Pop-up-Stores Neuer Glanz für leere Flächen

Immer mehr Unternehmen eröffnen Pop-up-Stores, um neue Kunden zu gewinnen oder ihre Produkte zu testen. Für Städte ist das eine große Chance, die Innenstädte wieder zu beleben.

Wer will kann im Popup-Store von Hermes noch eine persönliche Grußkarte mit ausgedrucktem Foto anfertigen und sie dem Paket beilegen. (Foto: Hermes/Andreas Friese)

Immer mehr Unternehmen eröffnen Pop-up-Stores, um neue Kunden zu gewinnen oder ihre Produkte zu testen. Für Städte ist das eine große Chance, die Innenstädte wieder zu beleben.

Im Sommer muss man sich hier zwischen Mango mit karamellisierter Minze, Schokolade-Guiness oder Karamell-Salz entscheiden. Jetzt liegen plötzlich Klamotten aus feinster Bio-Baumwolle im Schaufenster. Ein paar Wochen später sind es angesagte Wickelarmbänder oder Pflanzen. Kurzum: Wo im Sommer ein Eisladen mit seinen modernen Sorten lockt, präsentiert sich im Winter ein Pop-up-Store nach dem nächsten.

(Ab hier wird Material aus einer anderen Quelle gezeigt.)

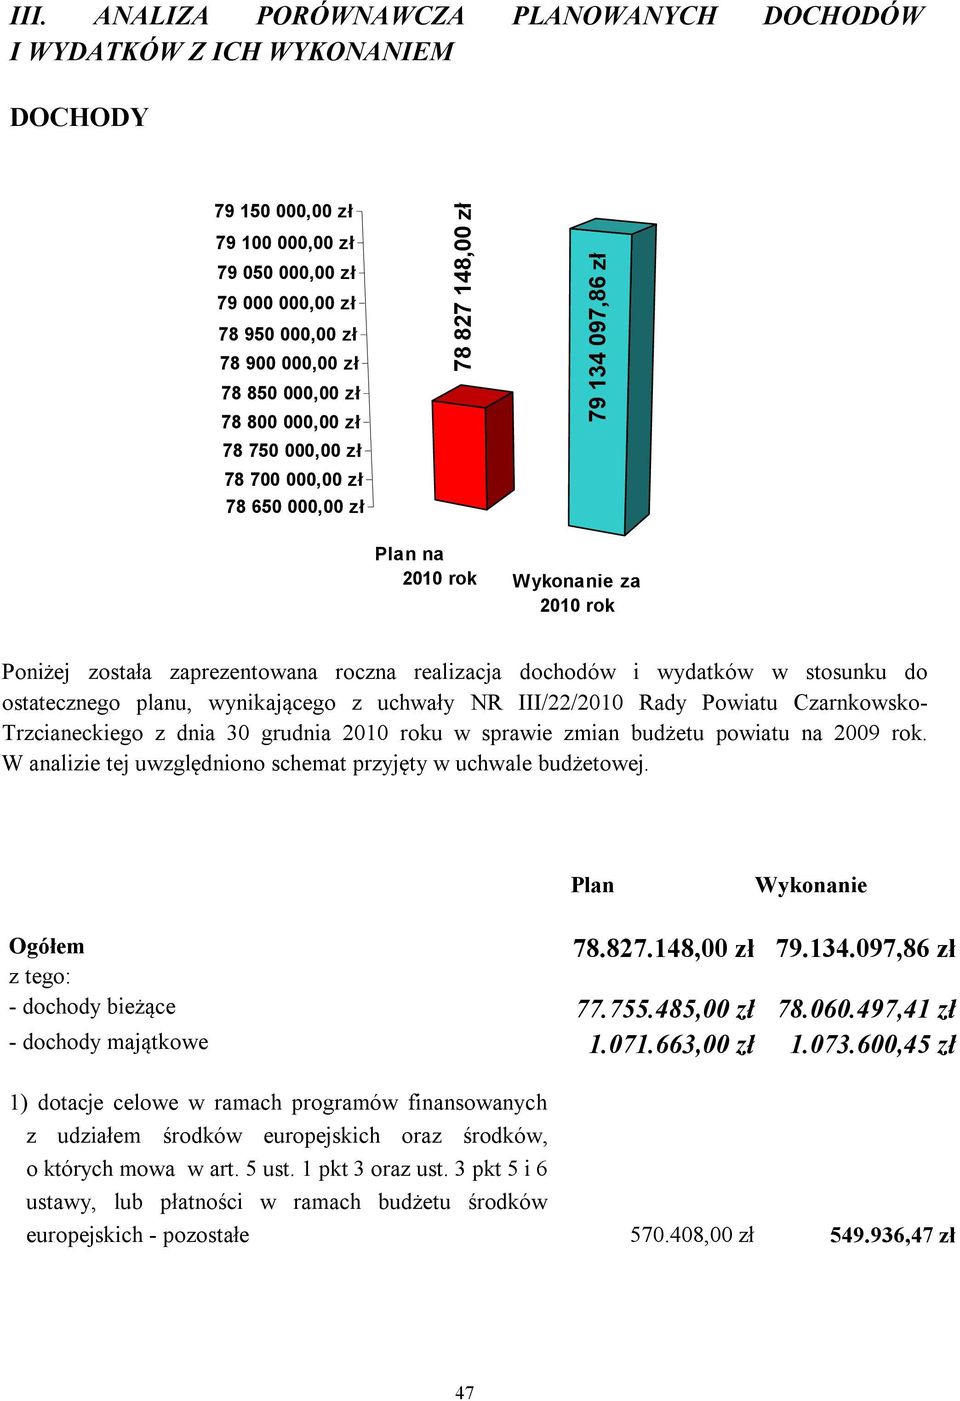 dochodów i wydatków w stosunku do ostatecznego planu, wynikającego z uchwały NR III/22/2010 Rady Powiatu Czarnkowsko- Trzcianeckiego z dnia 30 grudnia 2010 roku w sprawie zmian budżetu powiatu na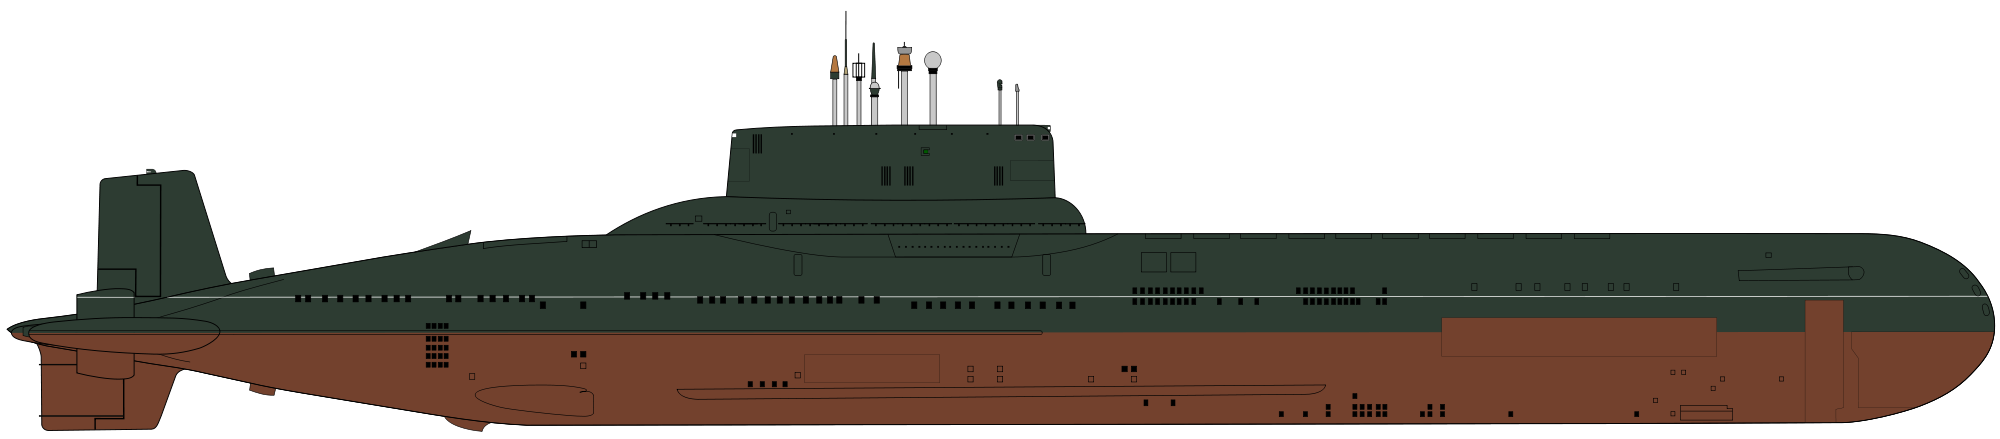 Силуэт советской ракетной стратегической подводной лодки проекта 941 «Акула» (класс Typhoon)

Läden auf Zeit sind derzeit eine der meist genutzten Marketing-Strategien im Handel. In vielen Metropolen gehören diese Geschäfte längst zum Alltag, selbst große internationale Marken nutzen sie, um abseits ihrer eingesessenen Filialen auf ein bestimmtes Produkt, eine besondere Aktion oder einfach nur die Marke aufmerksam zu machen. Egal ob Ikea, Tommy Hilfiger, H&M oder Lidl – jede dieser bekannten Marken hat ihr Glück schon mit einem Pop-up-Store versucht. Aber auch unbekanntere Händler, die ihre Ware bisher ausschließlich im Internet vertrieben haben, nutzen gerne die Gelegenheit.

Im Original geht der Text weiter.